Now the company, which has less than a stellar record in the veracity department (see suspension from doing business with the US government for a lack of corporate integrity and a conviction for lying to the Federal Government about the spill), claims the judge and neutral administrator overseeing settlement payments have hijacked the agreement, rewriting key terms to allow windfalls to undeserving businesses.

BP has trotted out examples of so-called “fictitious claims” made by businesses that in the company’s opinion are “too far” from the Gulf or “too far removed from tourism” to possibly have been impacted. Poppycock.

First, all should agree that BP’s spill certainly did not help the Gulf Coast economy. Tourism simply stopped for months, and if our region is anything, it is an economy driven by tourists’ dollars. The only businesses that may have benefited from the spill were disaster response companies. Everyone else was negatively impacted in one way or the other, to one degree or the other.
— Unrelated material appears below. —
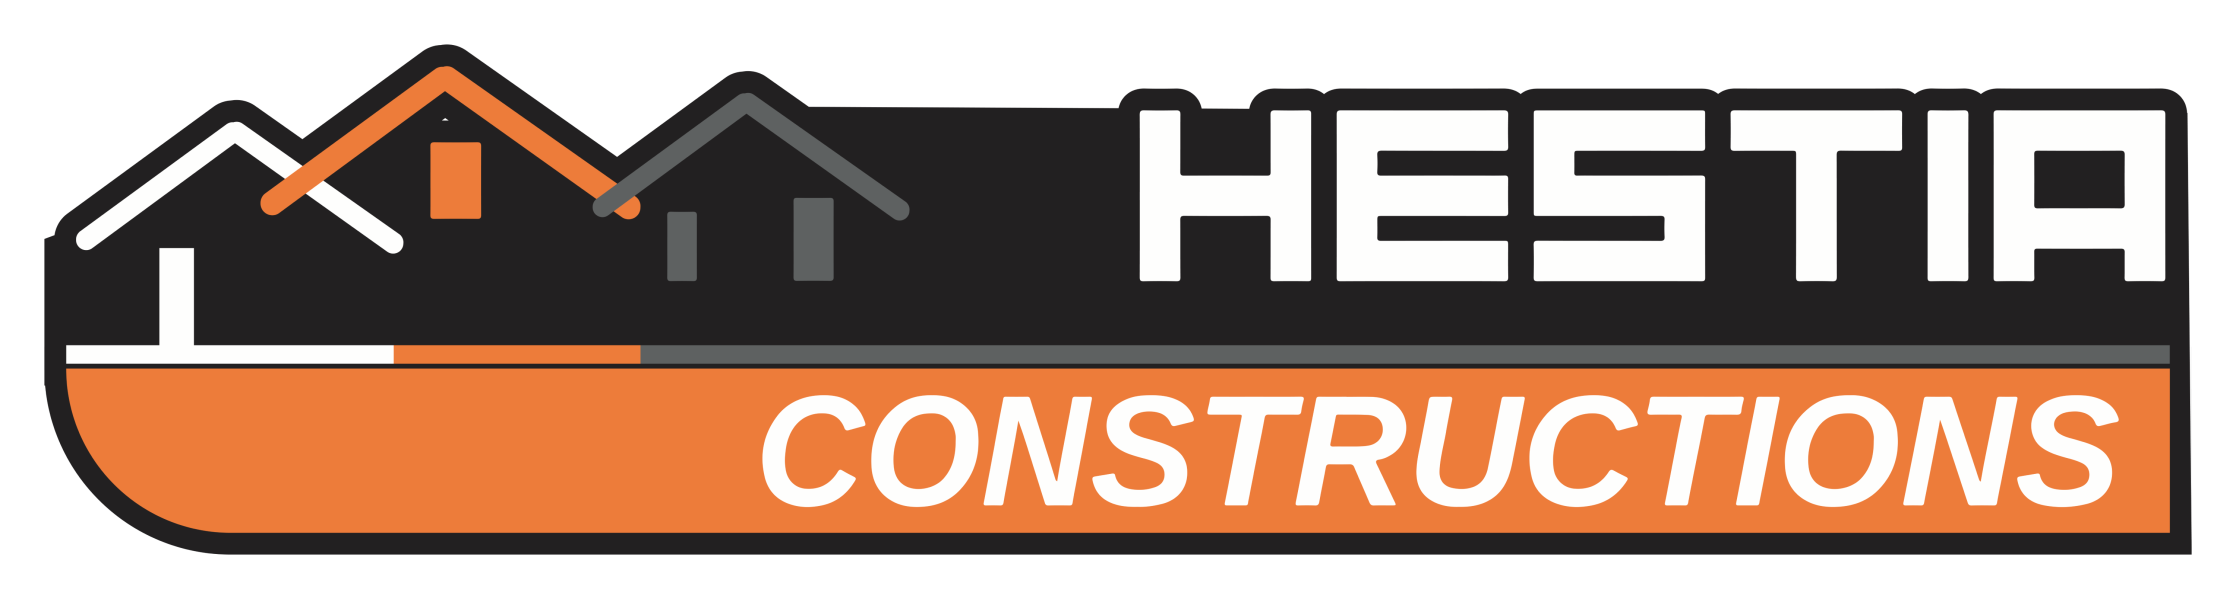 HESTIA CONSTRUCTIONS - Nos Engagements

The very precise compensation formulas contained in the painstakingly negotiated 1,200 page agreement take proximity – to both the Gulf and tourism – into account when determining whether a business qualifies. In short, the farther from the coast and more remote connection to tourism, the harder it is to qualify and the lower the payment if you do.

Putting aside for a moment that almost every business was hurt by the economic trickle down of BP’s spill, the company seems to forget that a settlement is a compromise. For plaintiffs (claimants) the qualification bar is lowered. For the defendant (BP) it escapes possible punitive damages, does not have to admit wrongdoing, is only on the hook for losses experienced by businesses in 2010, and enjoys a release from all commercial liability as of May 2014.

As BP’s lead lawyer told the court last year when seeking judicial approval of this very same deal:

“Settlements are a yielding of the highest hopes in exchange for certainty and resolution. This settlement stands alone, however, in its substantive generosity to the class members and in its procedural fairness.”

That BP lawyer, along with hundreds of other well heeled and highly paid Manhattan attorneys, seemed to have changed their tune.

Late last Friday the trial judge had heard enough whining from BP. Carl Barbier, Federal District Court Judge for the Eastern District of Louisiana, issued a scathing order in which he took the company to task for in essence lying to the court and misleading honest business people of the Southeast:

“It is unclear what standing BP has to raise arguments against the fairness of the settlement. BP was a party to the settlement, helped to draft the Settlement Agreement, did not object to or appeal approval of the settlement, and in fact strenuously advocated for approval of the settlement.”


“BP accuses the Claims Administrator of “rewriting” and “systematically disregarding” the Settlement Agreement. To the contrary, when it talks about causation, if anyone is attempting to rewrite or disregard the unambiguous terms of the Settlement Agreement, it is counsel for BP.

Frankly, it is surprising that the same counsel who represented BP during the settlement negotiations, participated in drafting the final Settlement Agreement, and then strenuously advocated for approval of the settlement before this Court, now come to this Court and the Fifth Circuit Court of Appeals and contradict everything they have previously done or said on this issue. Such actions are deeply disappointing.”